The interference, which The Associated Press confirmed through nationwide tests, is the most drastic example yet of data discrimination by a U.S. Internet service provider. It involves company computers masquerading as those of its users.

They’ve picked a rather deceptive way to do this:

Comcast’s technology kicks in, though not consistently, when one BitTorrent user attempts to share a complete file with another user.

Each PC gets a message invisible to the user that looks like it comes from the other computer, telling it to stop communicating. But neither message originated from the other computer _ it comes from Comcast. If it were a telephone conversation, it would be like the operator breaking into the conversation, telling each talker in the voice of the other: “Sorry, I have to hang up. Good bye.”

Note that this is not about piracy, though the applications they’re blocking are often used for that purpose. They are also used legally. And the same technology could be used to shut down Skype calls, non-Comcast television over IP services, or just about anything Comcast decides you shouldn’t be doing. 

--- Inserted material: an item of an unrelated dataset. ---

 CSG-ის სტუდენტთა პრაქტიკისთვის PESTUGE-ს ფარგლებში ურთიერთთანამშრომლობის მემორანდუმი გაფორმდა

Now, Comcast’s concerns about network use are perfectly legitimate; if a small number of users eats up tons of capacity, everybody else’s service degrades. There is, of course, a better way to deal with this: put a ceiling on how much you can use and charge extra if you want more. The power users would pay power user prices. Regular users (that would be almost everyone) wouldn’t. That would be honest, transparent, and fair – but this is Comcast, and those concepts are not part of their corporate culture. 
So, who thinks it’s a good idea to get rid of net neutrality and give companies like this more control over the internet traffic on their networks? 
Meanwhile, things like this – on top of Comcast’s inept customer service and generally crappy reliability – make it hard not to root for this Virginia lawbreaker who took out her frustrations with Comcast in a rather dramatic way, after going to their office to resolve a problem, being told to wait outside in the August sun for a supervisor, and then being told “Sorry, the supervisor just went home!”:

So, after stewing over it all weekend, on the following Monday, she went downstairs, got Don’s claw hammer and said: “C’mon, honey, we’re going to Comcast.”

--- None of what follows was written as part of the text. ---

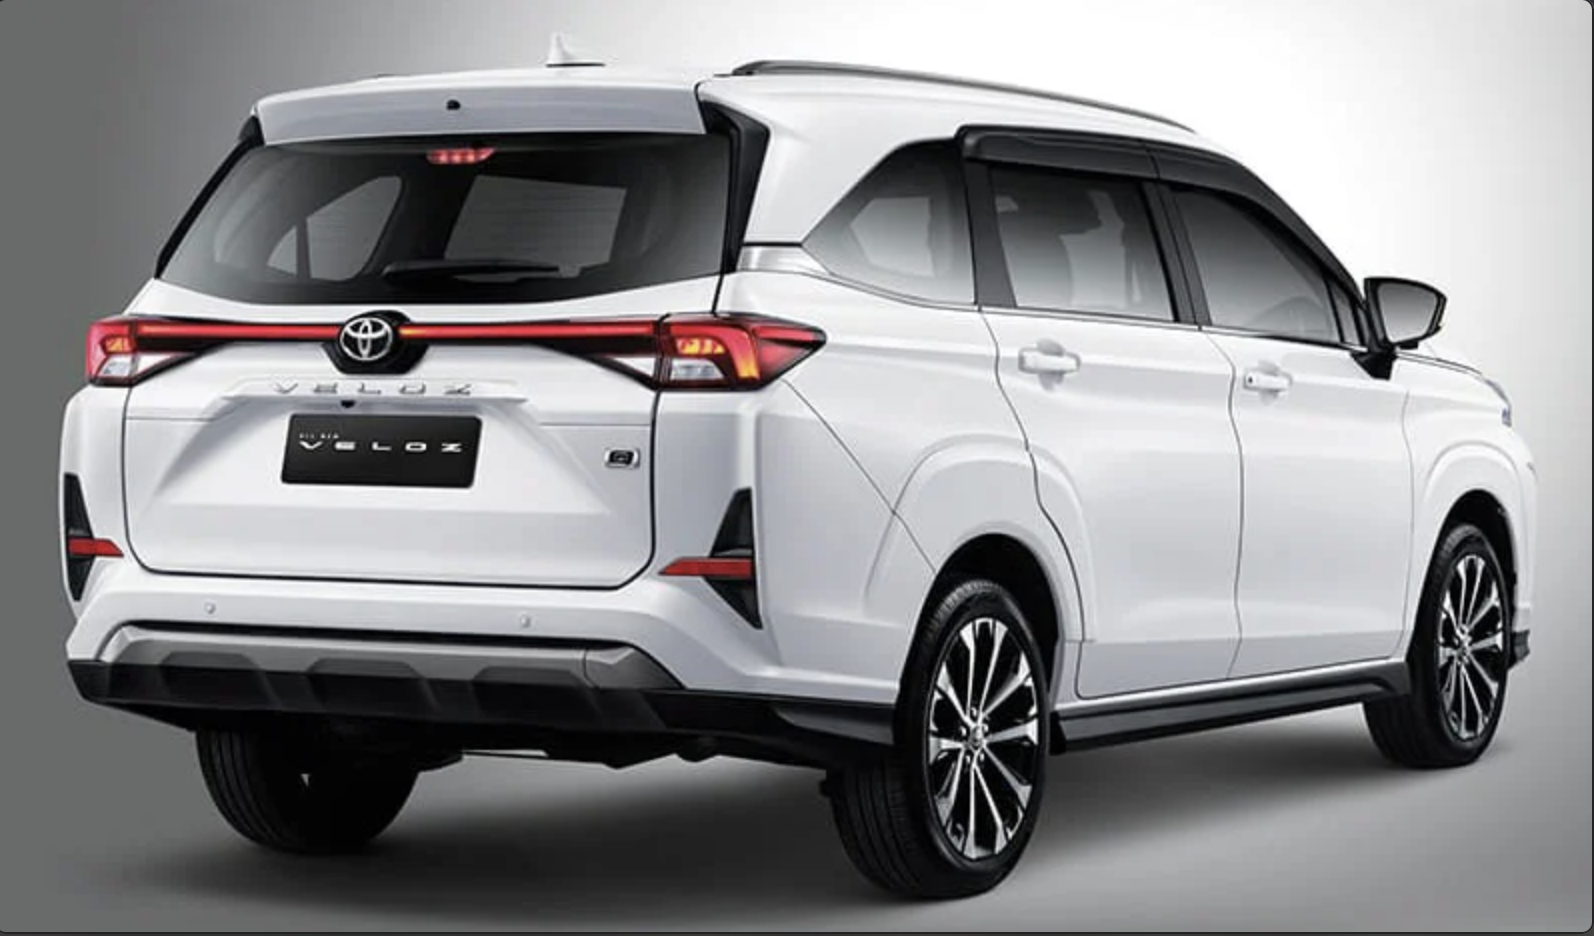 Đại lý nhận đặt cọc Toyota Veloz 2022, dự kiến giao xe tháng 3 Toyota Avanza 2022 chính thức ra mắt, giá từ 14.450 USD screen-shot-2021-11-11-at-003445.png

Hammer time: Shaw storms in the company’s office. BAM! She whacks the keyboard of the customer service rep. BAM! Down goes the monitor. BAM! She totals the telephone. People scatter, scream, cops show up and what does she do? POW! A parting shot to the phone!

“They cuffed me right then,” she says.

Her take on Comcast: “What a bunch of sub-moronic imbeciles.”

Most companies try hard to get their customers to care about them, and fail. Not Comcast! Congratulations! You can’t buy that kind of word of mouth!